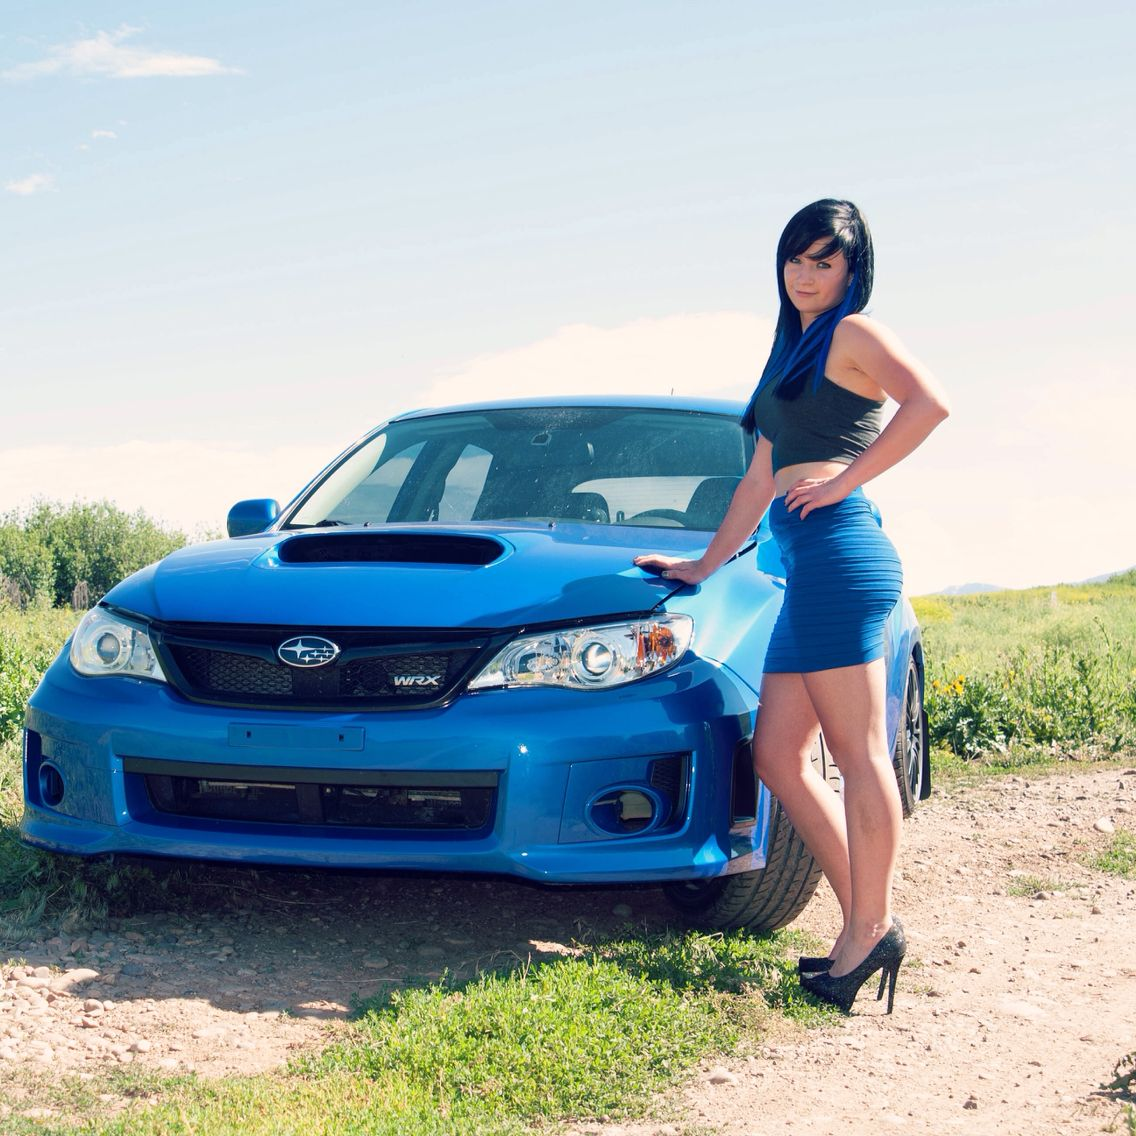 Subaru Wrx Girls And Cars Hottie Tristinworden Photography
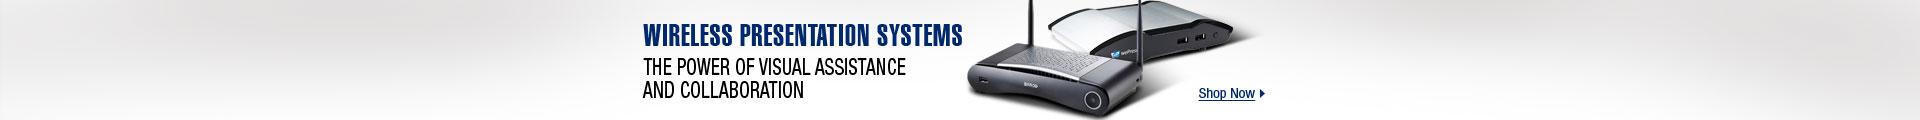 Wireless Presentations Systems
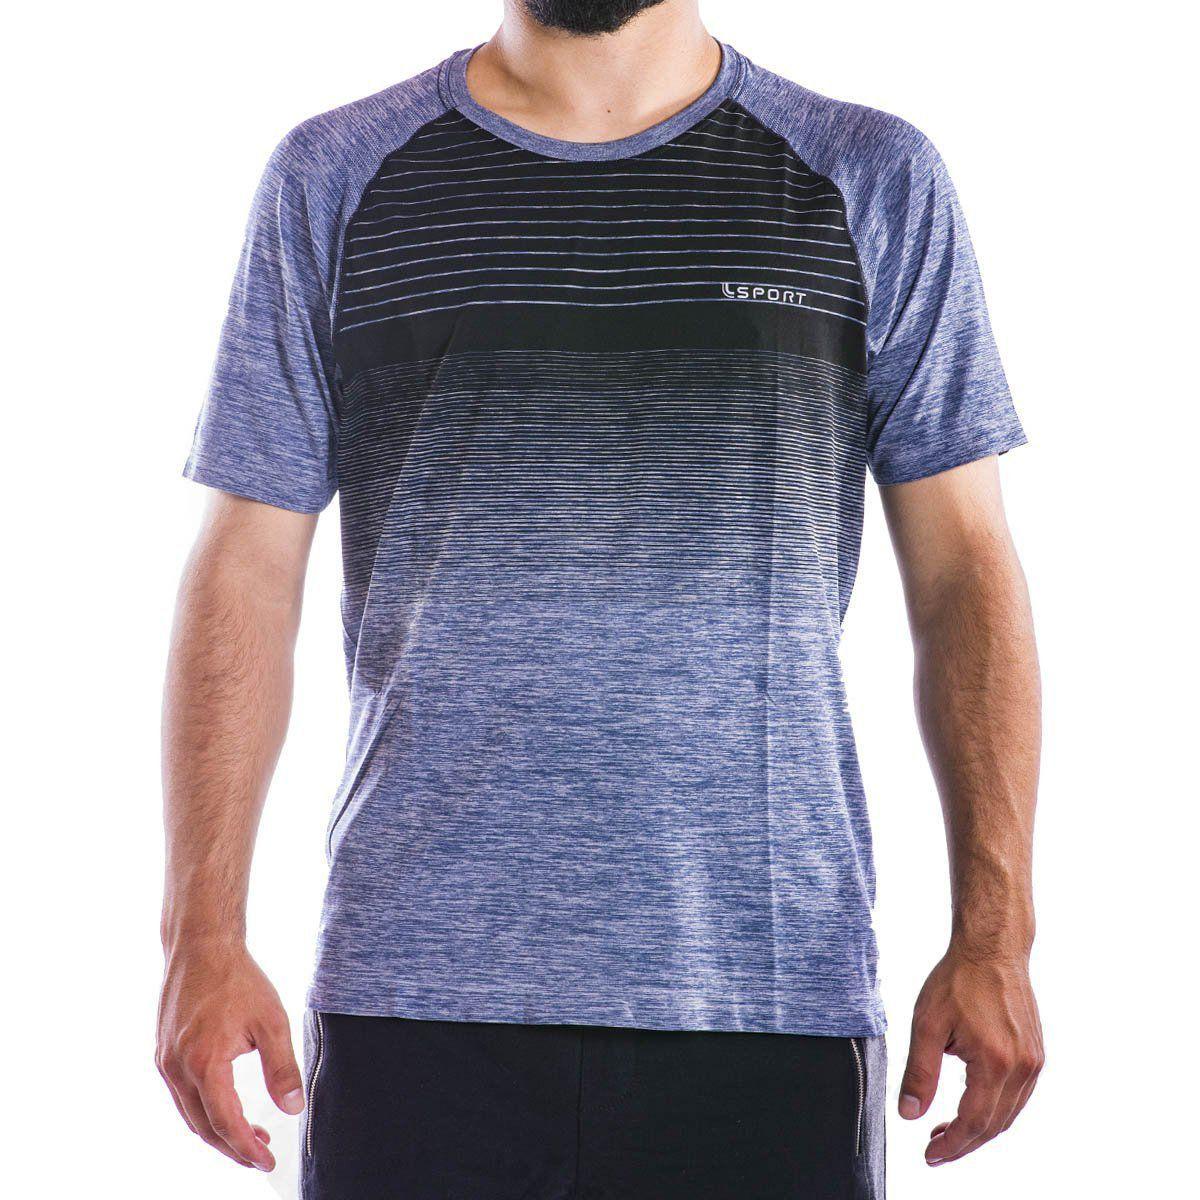 Camiseta Listras Lupo Sport Masculina -
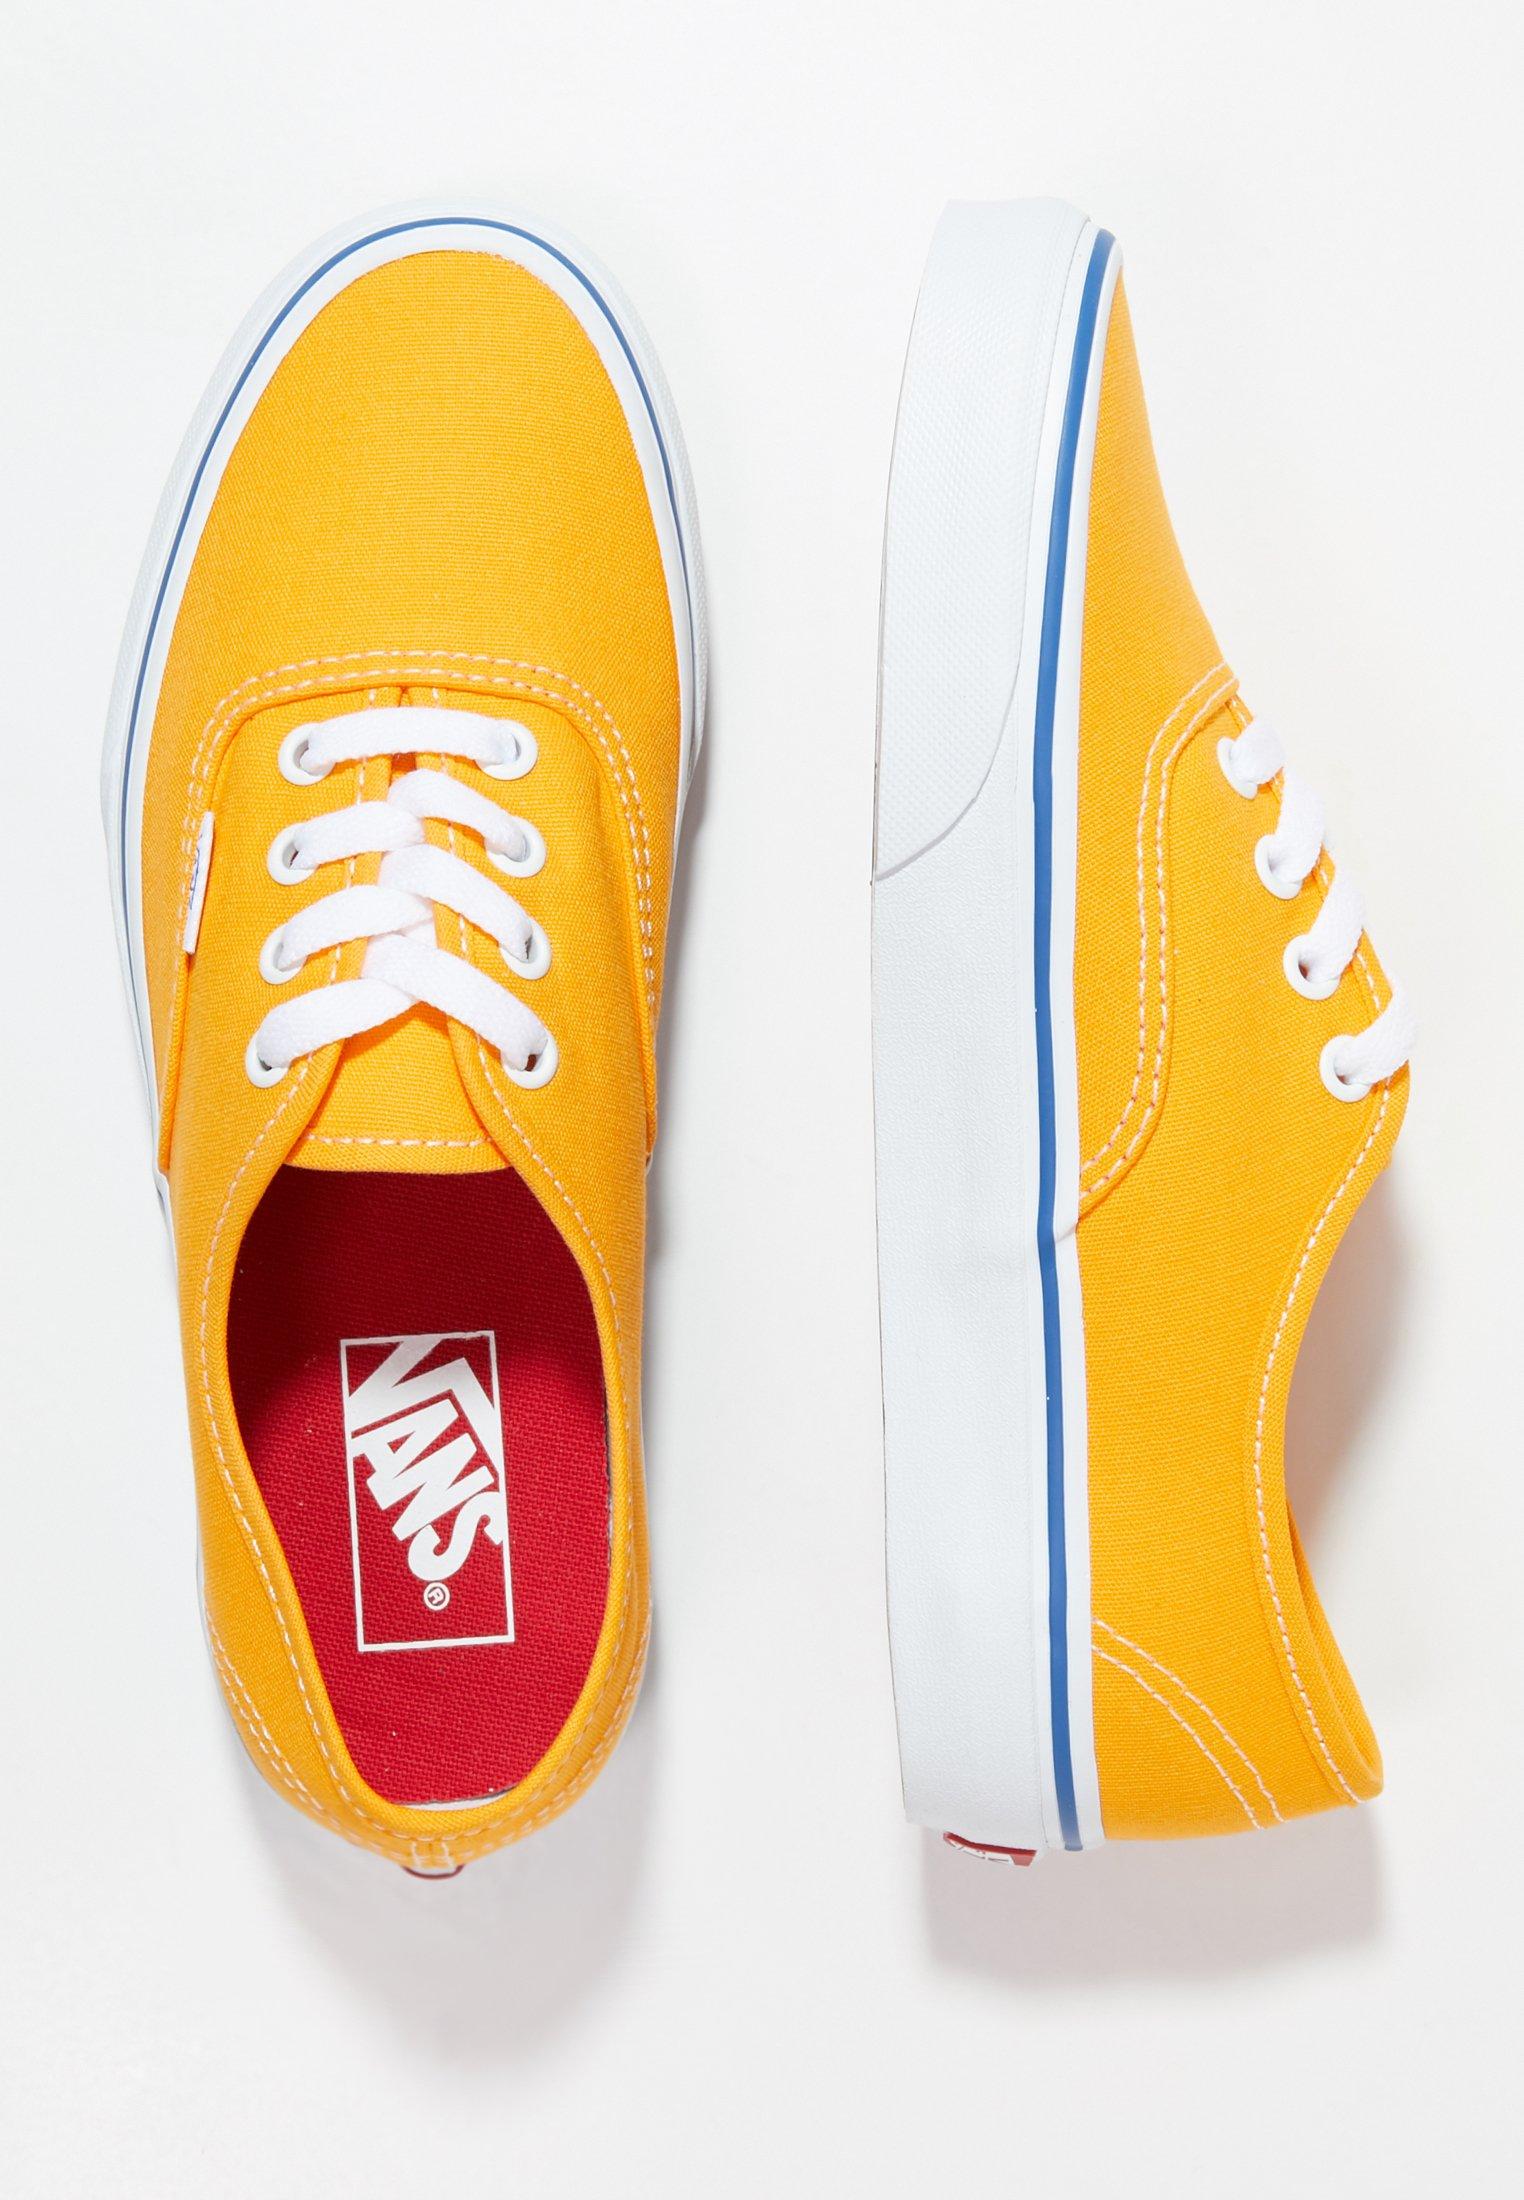 chaussure de skate vans jaune
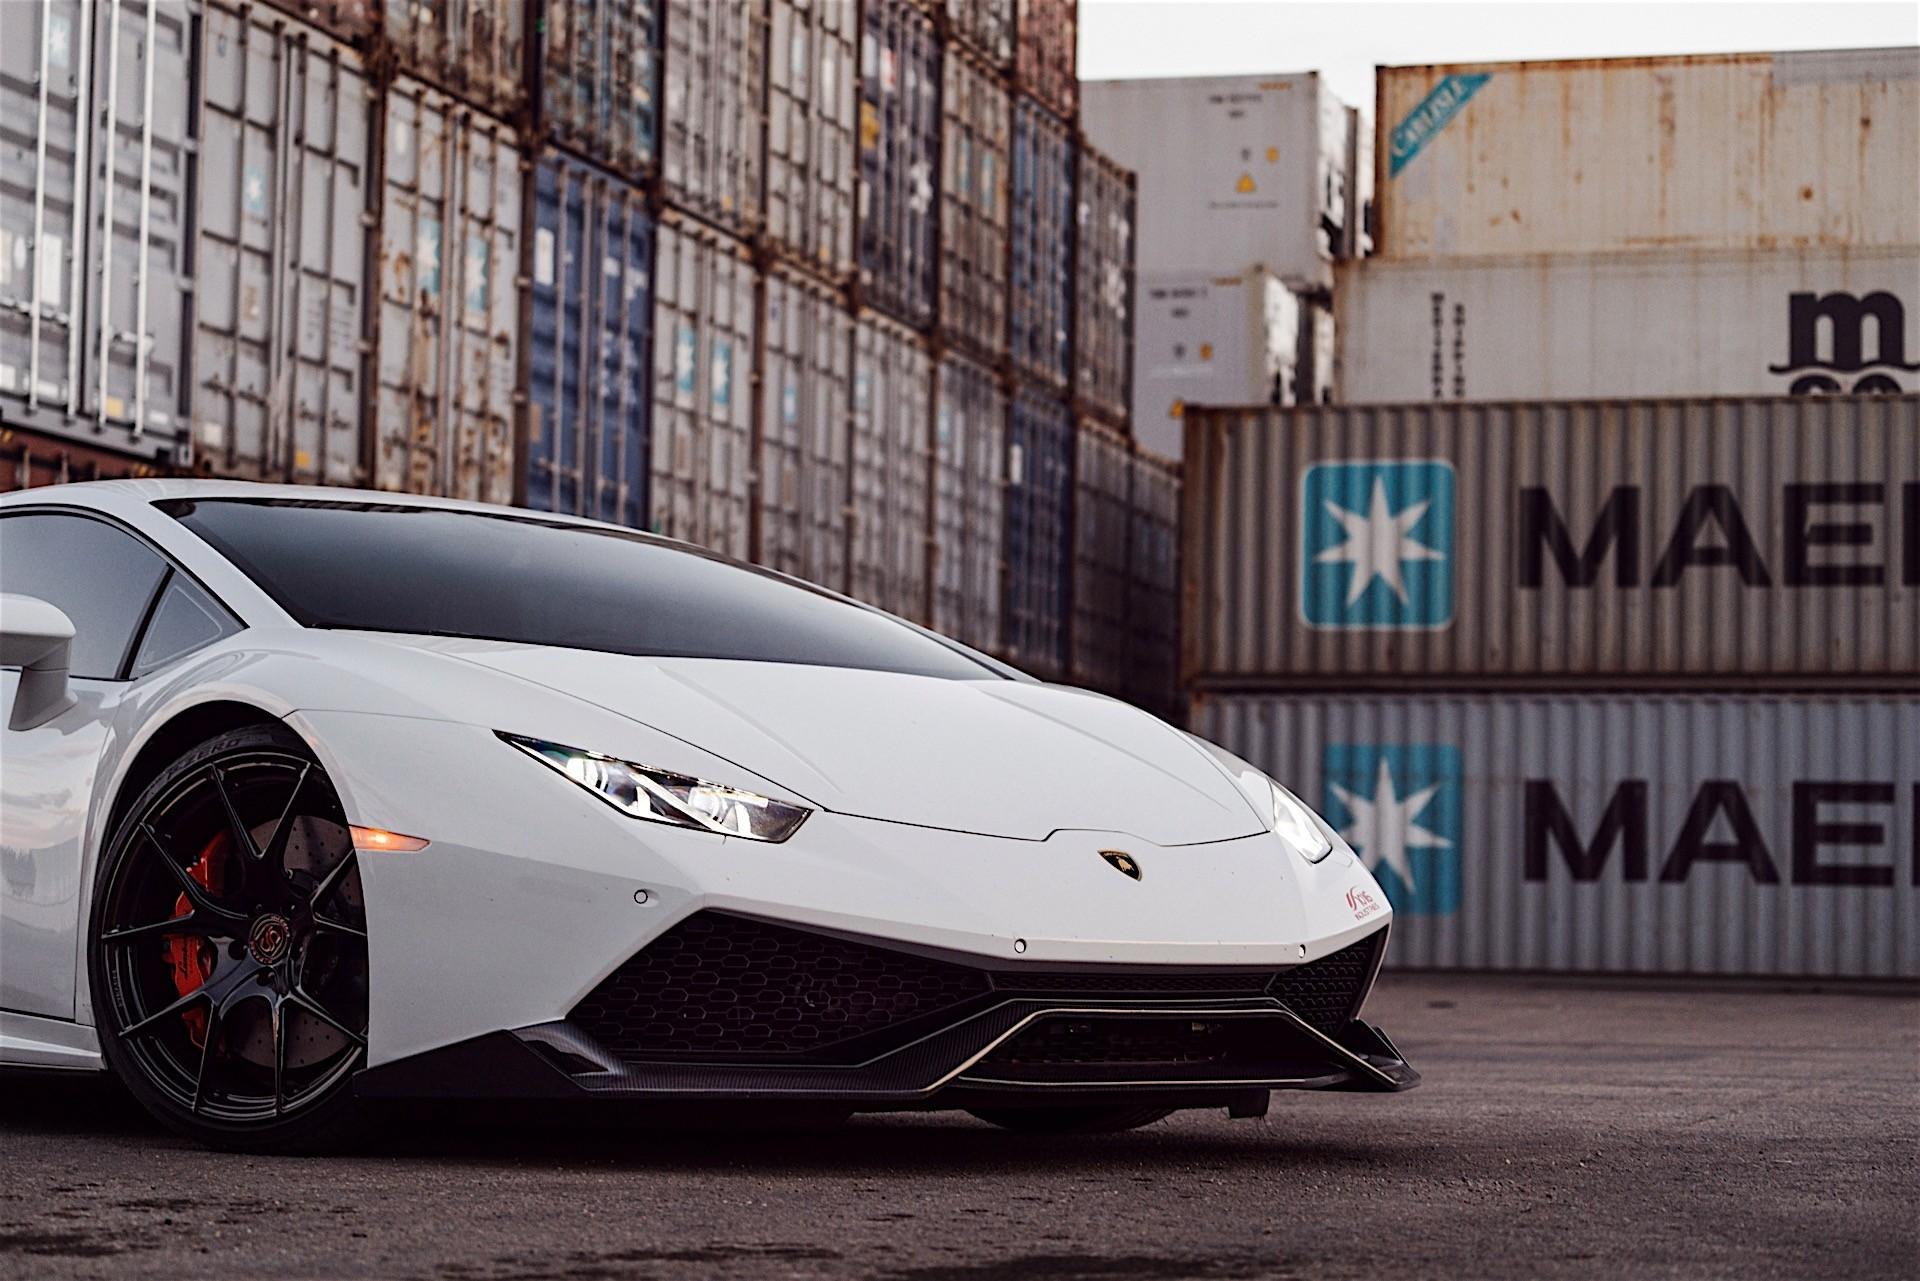 Lamborghini_Huracan_1016_Industries_12

==================================================

* _PROBLEM STATEMENT_
From the line containing "Wireless Presentations Systems" through the last line of the records above, reproduce every line exactly, leaving out the pictures.

* _RESPONSE TO THE TASK_
 Wireless Presentations Systems
 Camiseta Listras Lupo Sport Masculina -
 chaussure de skate vans jaune
 Lamborghini_Huracan_1016_Industries_12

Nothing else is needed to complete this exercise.